Start of Source records
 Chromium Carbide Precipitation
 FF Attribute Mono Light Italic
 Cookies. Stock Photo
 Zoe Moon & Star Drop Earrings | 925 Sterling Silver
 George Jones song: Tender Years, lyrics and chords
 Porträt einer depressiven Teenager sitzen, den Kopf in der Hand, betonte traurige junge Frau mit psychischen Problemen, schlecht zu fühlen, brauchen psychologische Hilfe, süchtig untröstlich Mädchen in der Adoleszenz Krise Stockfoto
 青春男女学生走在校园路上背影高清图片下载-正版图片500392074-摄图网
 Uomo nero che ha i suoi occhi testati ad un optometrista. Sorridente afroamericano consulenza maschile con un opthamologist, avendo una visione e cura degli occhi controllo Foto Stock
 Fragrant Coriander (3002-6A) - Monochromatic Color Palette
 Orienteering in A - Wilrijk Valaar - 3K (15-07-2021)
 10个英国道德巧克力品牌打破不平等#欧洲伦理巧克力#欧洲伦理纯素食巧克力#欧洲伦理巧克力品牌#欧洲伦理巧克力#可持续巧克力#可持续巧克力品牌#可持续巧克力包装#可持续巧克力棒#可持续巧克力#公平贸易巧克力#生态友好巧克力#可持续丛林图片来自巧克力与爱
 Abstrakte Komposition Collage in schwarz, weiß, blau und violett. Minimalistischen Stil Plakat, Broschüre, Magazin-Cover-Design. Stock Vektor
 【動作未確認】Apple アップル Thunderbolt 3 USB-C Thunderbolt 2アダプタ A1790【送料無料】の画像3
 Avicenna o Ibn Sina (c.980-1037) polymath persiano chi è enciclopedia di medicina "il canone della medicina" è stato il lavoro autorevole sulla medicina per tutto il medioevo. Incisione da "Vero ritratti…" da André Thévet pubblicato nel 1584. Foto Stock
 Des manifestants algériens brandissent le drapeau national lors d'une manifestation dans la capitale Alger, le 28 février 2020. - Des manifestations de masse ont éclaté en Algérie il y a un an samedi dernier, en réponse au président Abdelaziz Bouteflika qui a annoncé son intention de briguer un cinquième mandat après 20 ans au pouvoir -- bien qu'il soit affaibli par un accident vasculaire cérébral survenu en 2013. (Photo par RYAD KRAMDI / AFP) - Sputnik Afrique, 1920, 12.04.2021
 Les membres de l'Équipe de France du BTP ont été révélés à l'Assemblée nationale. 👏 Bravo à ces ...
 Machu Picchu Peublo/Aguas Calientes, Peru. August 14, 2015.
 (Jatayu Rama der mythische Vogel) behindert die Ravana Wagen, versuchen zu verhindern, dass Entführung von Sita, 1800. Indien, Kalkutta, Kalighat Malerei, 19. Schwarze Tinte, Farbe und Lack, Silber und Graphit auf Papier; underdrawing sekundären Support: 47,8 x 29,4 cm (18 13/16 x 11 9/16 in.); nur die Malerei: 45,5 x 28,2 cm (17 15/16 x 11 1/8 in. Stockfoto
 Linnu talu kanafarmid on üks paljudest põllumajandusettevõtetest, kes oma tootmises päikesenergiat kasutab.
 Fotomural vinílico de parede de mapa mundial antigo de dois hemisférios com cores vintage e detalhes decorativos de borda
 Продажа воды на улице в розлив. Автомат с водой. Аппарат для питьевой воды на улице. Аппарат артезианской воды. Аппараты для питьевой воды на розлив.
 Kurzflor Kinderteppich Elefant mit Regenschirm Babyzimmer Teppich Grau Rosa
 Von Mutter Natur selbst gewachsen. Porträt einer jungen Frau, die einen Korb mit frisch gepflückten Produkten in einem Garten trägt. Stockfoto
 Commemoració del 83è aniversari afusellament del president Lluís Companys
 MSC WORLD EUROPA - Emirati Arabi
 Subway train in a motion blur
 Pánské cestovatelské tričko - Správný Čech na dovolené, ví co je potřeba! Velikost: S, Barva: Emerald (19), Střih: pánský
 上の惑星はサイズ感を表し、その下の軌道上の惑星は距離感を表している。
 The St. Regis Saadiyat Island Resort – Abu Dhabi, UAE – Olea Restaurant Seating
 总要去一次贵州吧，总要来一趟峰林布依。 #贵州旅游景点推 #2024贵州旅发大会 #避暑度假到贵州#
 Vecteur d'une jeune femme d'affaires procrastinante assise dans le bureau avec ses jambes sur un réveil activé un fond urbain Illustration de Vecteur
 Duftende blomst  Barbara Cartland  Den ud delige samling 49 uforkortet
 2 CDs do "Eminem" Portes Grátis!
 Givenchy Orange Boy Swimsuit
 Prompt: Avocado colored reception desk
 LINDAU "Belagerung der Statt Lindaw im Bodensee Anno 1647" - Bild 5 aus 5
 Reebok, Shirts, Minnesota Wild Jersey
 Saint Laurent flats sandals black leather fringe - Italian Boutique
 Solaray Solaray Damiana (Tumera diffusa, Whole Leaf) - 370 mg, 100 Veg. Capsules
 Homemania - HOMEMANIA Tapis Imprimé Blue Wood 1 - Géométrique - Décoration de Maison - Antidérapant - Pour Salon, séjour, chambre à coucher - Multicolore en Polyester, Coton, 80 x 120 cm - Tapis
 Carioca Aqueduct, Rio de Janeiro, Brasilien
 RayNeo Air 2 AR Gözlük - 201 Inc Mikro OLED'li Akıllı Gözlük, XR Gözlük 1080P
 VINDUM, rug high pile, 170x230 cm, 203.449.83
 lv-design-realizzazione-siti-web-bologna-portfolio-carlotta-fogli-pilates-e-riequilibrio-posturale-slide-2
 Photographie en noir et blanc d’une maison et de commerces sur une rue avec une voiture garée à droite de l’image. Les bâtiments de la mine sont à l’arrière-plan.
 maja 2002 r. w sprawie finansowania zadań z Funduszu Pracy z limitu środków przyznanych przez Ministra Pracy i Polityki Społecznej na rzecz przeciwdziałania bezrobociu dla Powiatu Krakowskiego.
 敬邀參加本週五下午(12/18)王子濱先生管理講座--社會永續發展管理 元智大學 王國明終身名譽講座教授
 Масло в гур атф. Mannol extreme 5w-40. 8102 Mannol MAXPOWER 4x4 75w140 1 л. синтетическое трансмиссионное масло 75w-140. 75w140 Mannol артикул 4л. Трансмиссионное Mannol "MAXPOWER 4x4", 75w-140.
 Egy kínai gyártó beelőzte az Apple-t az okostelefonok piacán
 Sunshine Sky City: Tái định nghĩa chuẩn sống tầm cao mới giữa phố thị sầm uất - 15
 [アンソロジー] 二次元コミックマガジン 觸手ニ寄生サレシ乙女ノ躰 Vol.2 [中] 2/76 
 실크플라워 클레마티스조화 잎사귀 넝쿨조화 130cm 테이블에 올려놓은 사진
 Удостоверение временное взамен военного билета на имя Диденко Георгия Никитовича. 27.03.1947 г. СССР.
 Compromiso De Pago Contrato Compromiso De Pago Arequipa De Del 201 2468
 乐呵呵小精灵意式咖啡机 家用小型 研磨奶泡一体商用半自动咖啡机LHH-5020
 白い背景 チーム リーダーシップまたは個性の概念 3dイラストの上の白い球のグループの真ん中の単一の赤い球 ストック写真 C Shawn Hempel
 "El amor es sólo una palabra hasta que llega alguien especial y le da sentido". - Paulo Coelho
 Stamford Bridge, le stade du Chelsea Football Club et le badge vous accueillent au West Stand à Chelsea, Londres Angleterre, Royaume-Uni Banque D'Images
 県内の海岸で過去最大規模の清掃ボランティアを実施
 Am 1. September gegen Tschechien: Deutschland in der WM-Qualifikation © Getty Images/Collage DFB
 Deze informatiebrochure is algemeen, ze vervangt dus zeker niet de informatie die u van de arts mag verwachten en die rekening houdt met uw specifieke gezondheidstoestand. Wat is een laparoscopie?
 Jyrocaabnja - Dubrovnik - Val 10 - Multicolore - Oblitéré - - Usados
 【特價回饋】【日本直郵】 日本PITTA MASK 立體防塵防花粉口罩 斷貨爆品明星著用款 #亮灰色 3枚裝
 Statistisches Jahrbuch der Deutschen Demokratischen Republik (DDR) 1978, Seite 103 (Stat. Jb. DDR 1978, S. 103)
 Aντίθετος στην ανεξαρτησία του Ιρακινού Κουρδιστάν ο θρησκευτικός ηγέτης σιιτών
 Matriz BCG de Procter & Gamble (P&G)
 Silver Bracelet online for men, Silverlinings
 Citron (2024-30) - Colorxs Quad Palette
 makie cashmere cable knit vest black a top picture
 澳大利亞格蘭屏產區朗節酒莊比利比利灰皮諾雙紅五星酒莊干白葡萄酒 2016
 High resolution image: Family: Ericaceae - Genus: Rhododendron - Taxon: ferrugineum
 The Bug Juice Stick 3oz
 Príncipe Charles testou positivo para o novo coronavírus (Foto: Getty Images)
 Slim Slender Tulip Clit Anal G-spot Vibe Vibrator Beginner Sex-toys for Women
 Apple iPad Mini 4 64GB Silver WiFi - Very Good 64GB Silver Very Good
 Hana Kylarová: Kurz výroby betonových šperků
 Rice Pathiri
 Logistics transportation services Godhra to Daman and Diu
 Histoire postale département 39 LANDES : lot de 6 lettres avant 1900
End of Source records
Take the records above and return, word for word, only the lines that fall from the line with "白い背景 チーム リーダーシップまたは個性の概念" to the line with "Matriz BCG de Procter & Gamble (P&G)", both of them included.

Problem solution →
 白い背景 チーム リーダーシップまたは個性の概念 3dイラストの上の白い球のグループの真ん中の単一の赤い球 ストック写真 C Shawn Hempel
 "El amor es sólo una palabra hasta que llega alguien especial y le da sentido". - Paulo Coelho
 Stamford Bridge, le stade du Chelsea Football Club et le badge vous accueillent au West Stand à Chelsea, Londres Angleterre, Royaume-Uni Banque D'Images
 県内の海岸で過去最大規模の清掃ボランティアを実施
 Am 1. September gegen Tschechien: Deutschland in der WM-Qualifikation © Getty Images/Collage DFB
 Deze informatiebrochure is algemeen, ze vervangt dus zeker niet de informatie die u van de arts mag verwachten en die rekening houdt met uw specifieke gezondheidstoestand. Wat is een laparoscopie?
 Jyrocaabnja - Dubrovnik - Val 10 - Multicolore - Oblitéré - - Usados
 【特價回饋】【日本直郵】 日本PITTA MASK 立體防塵防花粉口罩 斷貨爆品明星著用款 #亮灰色 3枚裝
 Statistisches Jahrbuch der Deutschen Demokratischen Republik (DDR) 1978, Seite 103 (Stat. Jb. DDR 1978, S. 103)
 Aντίθετος στην ανεξαρτησία του Ιρακινού Κουρδιστάν ο θρησκευτικός ηγέτης σιιτών
 Matriz BCG de Procter & Gamble (P&G)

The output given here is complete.